3 minute read
LAST WORD
Politics prick Asia’s gambling bubble
Sharon Singleton | Managing Editor, AGB
Advertisement
As 2018 draws to a close, it looks like another year that started well in Asia’s gaming industry is going to fall victim to geopolitical forces beyond its control.
The main victim is again likely to be Macau, where analysts have been reworking their estimates for this year and next as the gambling hub begins to feel the impact of the slowdown in Mainland China’s economy.
President Donald Trump’s trade war with Beijing is hitting the pocketbooks of Macau’s main clients and at the very least cutting the feelgood factor of mainland business entrepreneurs, especially in the export-intensive southern provinces.
October gross gambling revenue edged up 2.6 percent after a gain of just 2.8 percent in September, when casinos were forced to close due to a direct hit from Typhoon Mangkhut. But even before that VIP revenue had been slowing for several months.
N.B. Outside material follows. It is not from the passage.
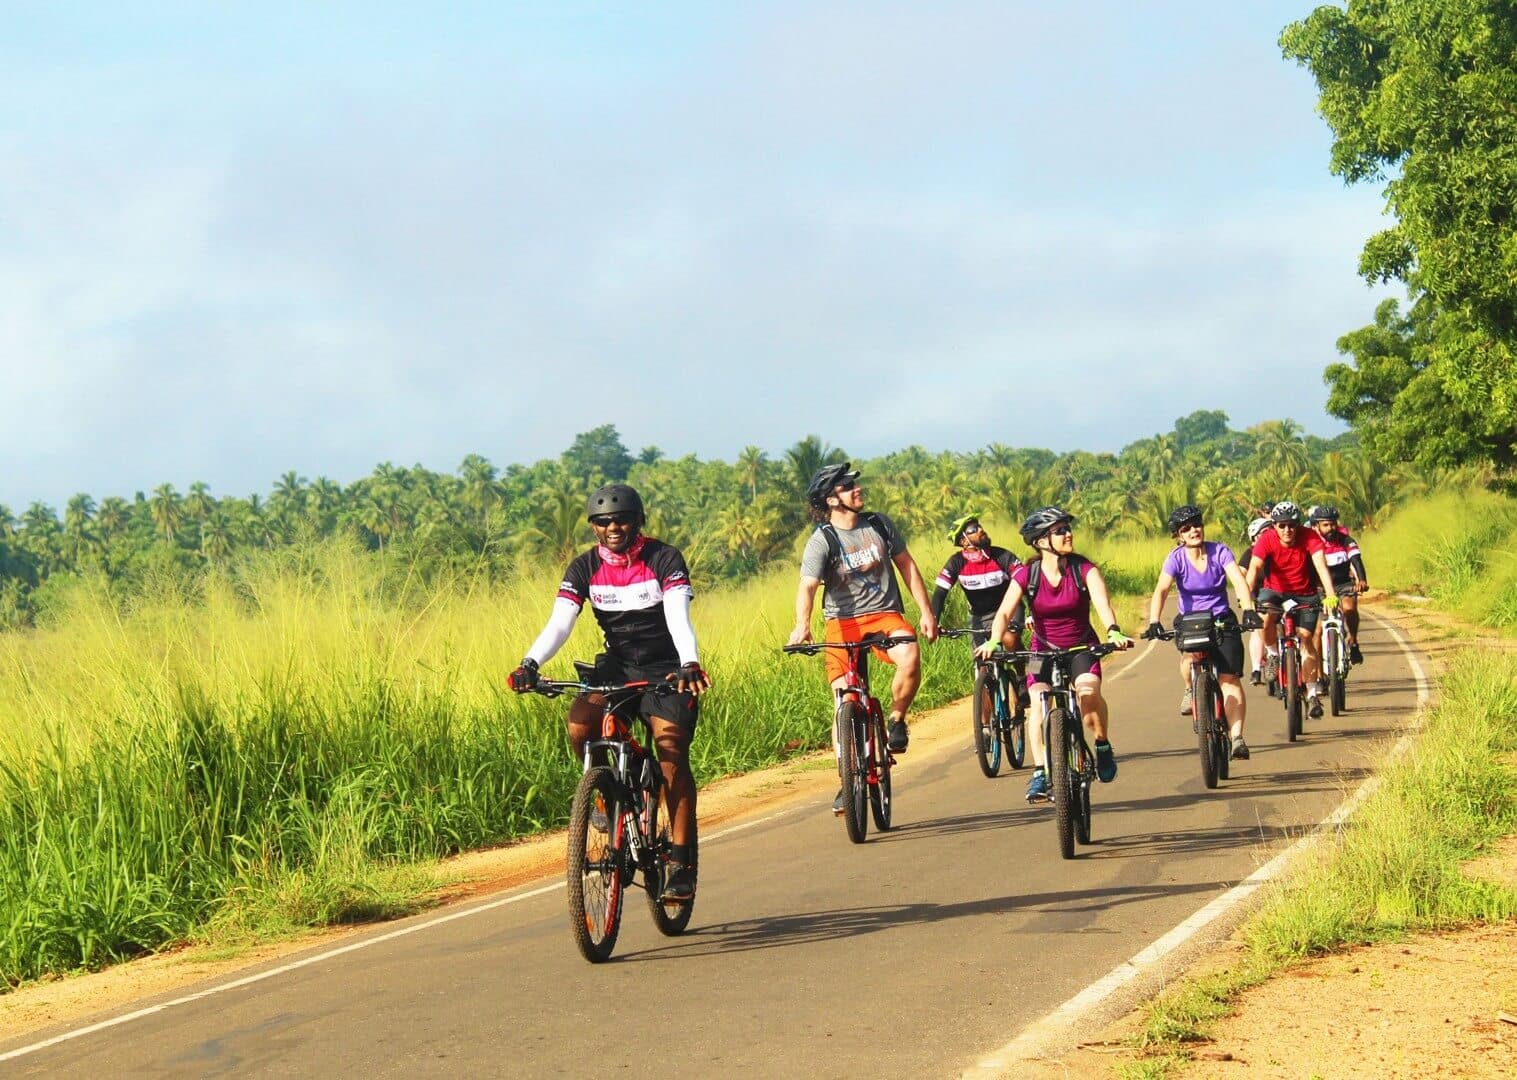 The cyclists watching beauty of nature Yala to Mirissa tour Sri Lanka

It was a sharp turnaround from the first few months of the year, with GGR in January surging just over 36 percent to post its best month in four years. For the first half, expansion stood at almost 19 percent, although unless there is a major change in fortunes, the second half will have been a washout.
There doesn’t appear to be an end in sight either, with no signs either side is willing to drop the brinkmanship in the trade battle.
The impact on other markets around Asia has so far been less evident. There had been speculation that Australia’s IRs, which have become increasingly reliant on Asian VIPs, may suffer. They took a particularly hard hit to revenue after Beijing’s corruption clampdown shrivelled up the VIP market a few years ago. However, to date, that doesn’t appear to have been the case.
In an October research note, Morgan Stanley said the VIP market appeared solid with ample junket liquidity. It said further afield, growth also remains strong, especially in the Philippines and Cambodia.
Although existing IRs in the Philippines have continued to gain ground, the industry as a whole there has had more than its fair share of ups and downs this year, leaving major question marks about the potential for future expansion.
Mercurial President Rodrigo Duterte has made it clear he doesn’t like gaming and the on again - very quickly off again - pronouncements on major projects give the impression he and his gambling regulator are not always on the same page.
It now appears highly unlikely Galaxy Entertainment and its local partner Leisure & Resorts World Corp. will be able to proceed with their plans for an IR on the island of Boracay. The announcement the island would be closed to tourism for an environmental cleanup and no casinos would be permitted came just days after The Philippine Gaming and Amusement Corp. announced with fanfare the companies had been granted a license.
Since then, the rhetoric has only hardened with the government ordering the closure of a couple of existing facilities on the island.
Landing International’s project near Manila has suffered a similar fate. The government chose to announce it was sacking the entire board of its local partner during a high-profile ground-breaking ceremony, throwing the plans into chaos. Shares in the Hong Kongbased company have lost three quarters of their value, after the fallout from the Philippines debacle was exacerbated shortly afterwards by the disappearance of Landing Chairman Yang Zhihui. He was still missing as of the time of going to print.
Looking forward to 2019, there have already been some predictions that the gaming industry in Asia will continue to fall prey to politics. Spectrum Gaming is betting that Beijing will seek to crackdown on online gambling sites targeting China, with major implications for the Philippines and Cambodia, which have both seen a massive influx of Chinese capital.
For the land-based sector, it remains to be seen how deep the trade war cuts into local economies and spending.